Art expert Rupert Maas confirmed the painting was by the British artist and called it an ‘extraordinary story’ on the BBC show filmed at Belmont House, near Faversham in Kent, which aired on March 12.
The unnamed guest said the painting had been in his family for 65 years and he suspected it was by the famous artist.
But after estimating its worth to be £10,000, the guest was shocked when its true value was revealed to be between £20,000 and £30,000.
‘I think you might be right, but it’s closer to £20,000 to £30,000,’ said Rupert, as he established how much the painting was worth.
The guest repeated him in disbelief, his voice trailing off at the end: ‘£20,000 to £30,000!’ before he ducked behind the painting.
‘Just say thank you’, a person behind him hollered as the rest laughed.
‘Thank you for that information. Thank you very much,’ he said as he managed to compose himself.

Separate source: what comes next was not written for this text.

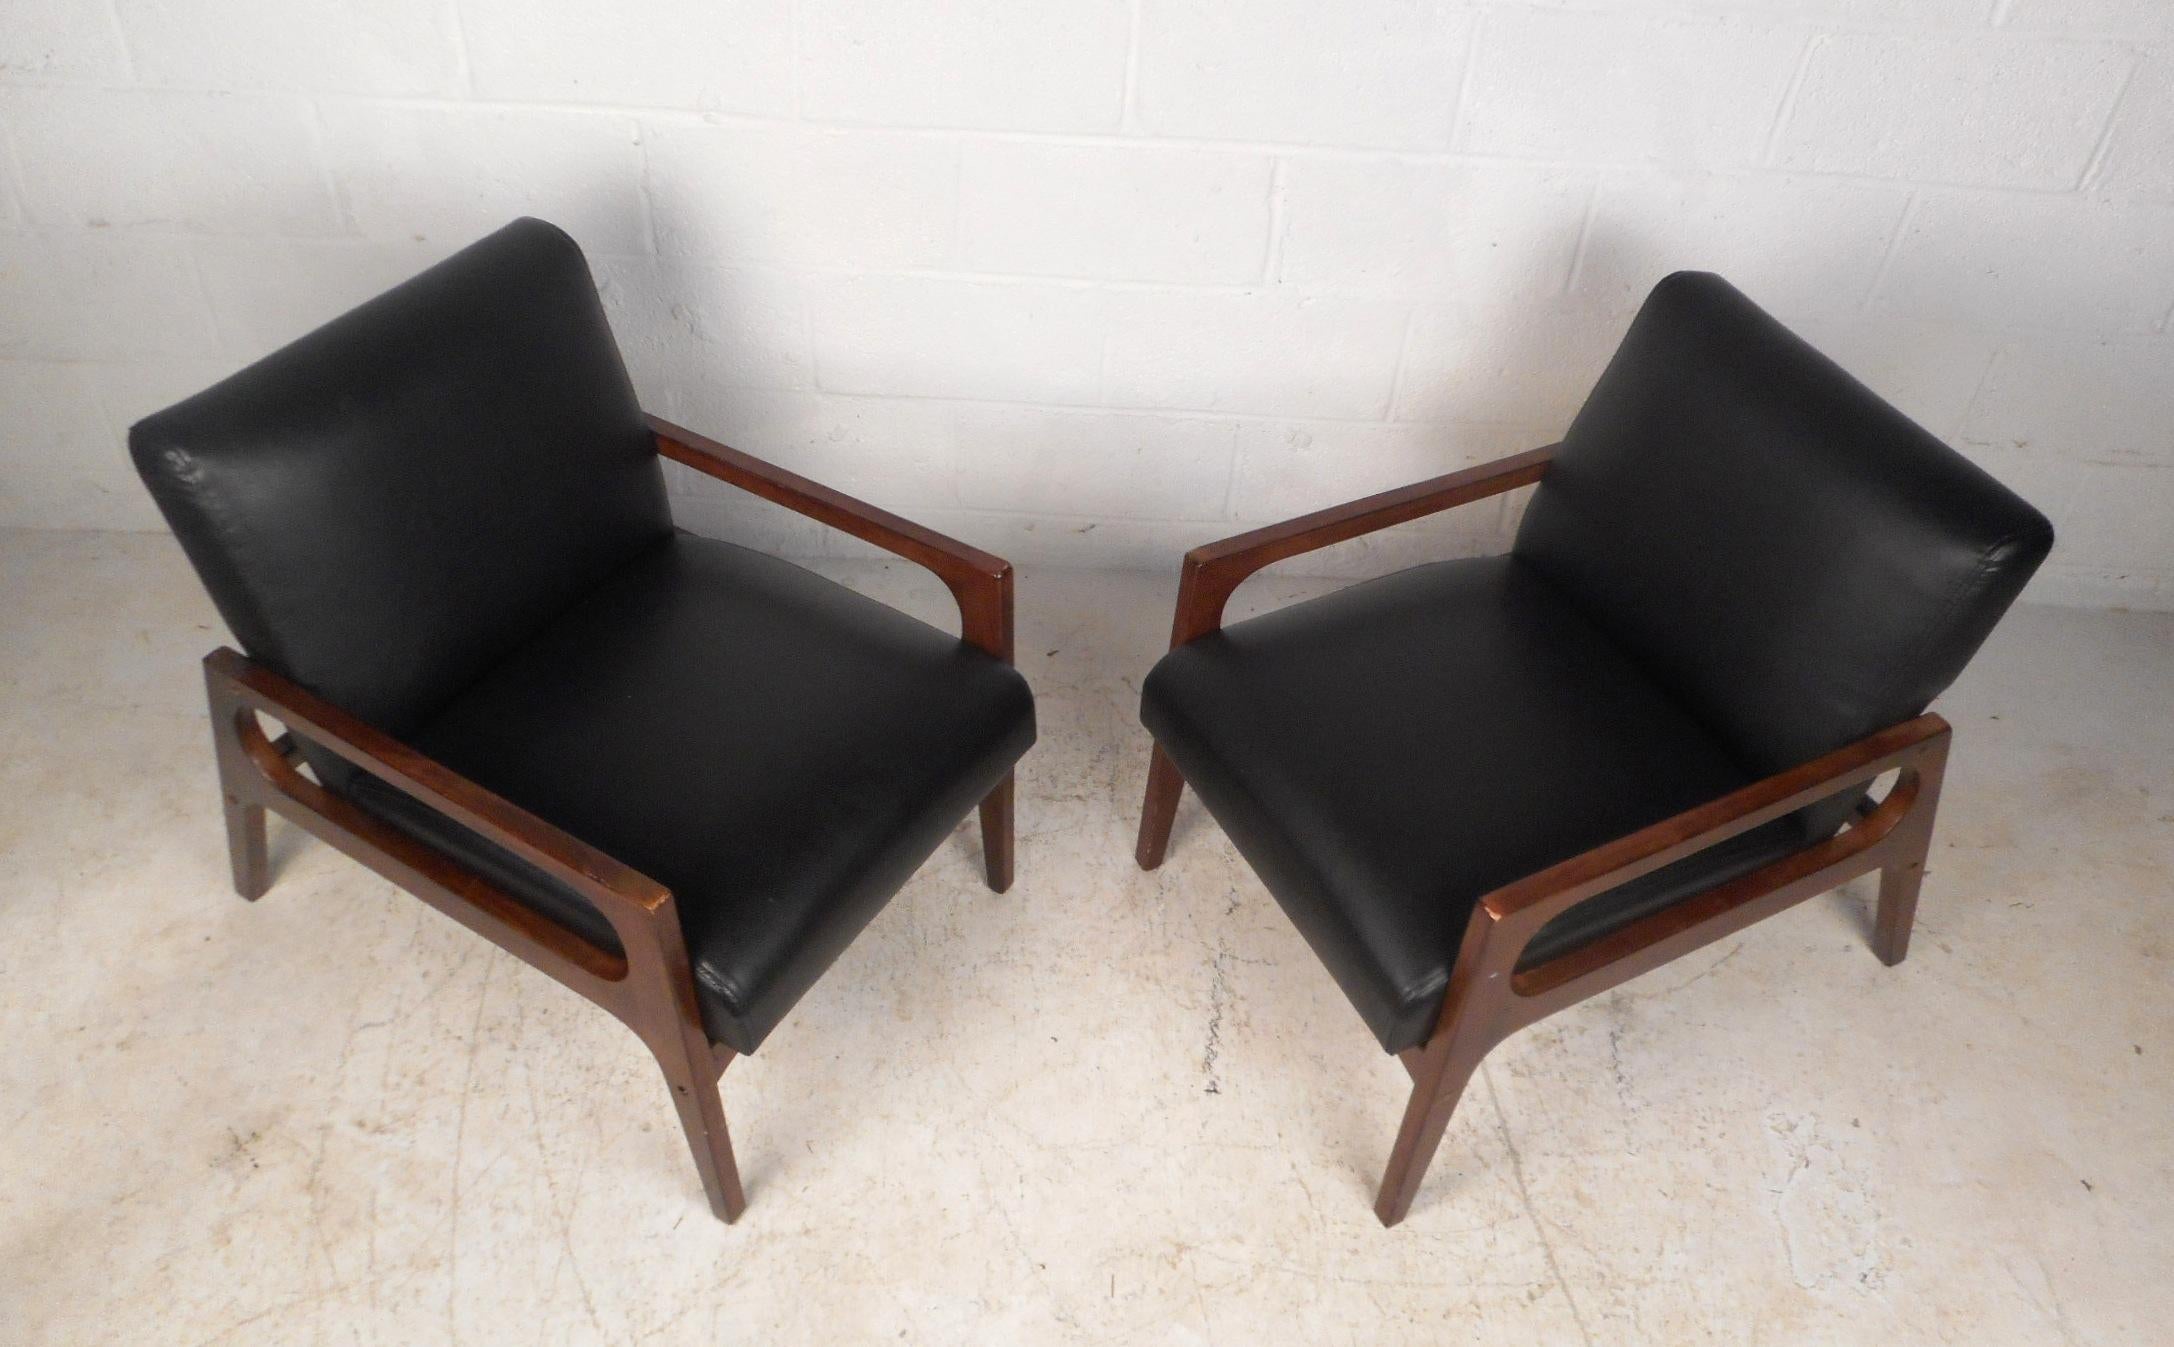 This stunning pair of vintage modern lounge chairs feature a sculpted walnut frame with low armrests and angled back legs. An extremely comfortable design with thick padded seating covered in black vinyl. This sleek and sturdy pair of midcentury

Hockney, now 85, is now considered to be one of the most influential British artists of the 20th Century. His paintings can be worth millions of pounds.
His most famous works include A Bigger Splash (1967) and Portrait Of An Artist (Pool With Two Figures) (1972), which sold for $90million (more than £70million) in 2018, the third highest ever paid for an artwork by a living artist.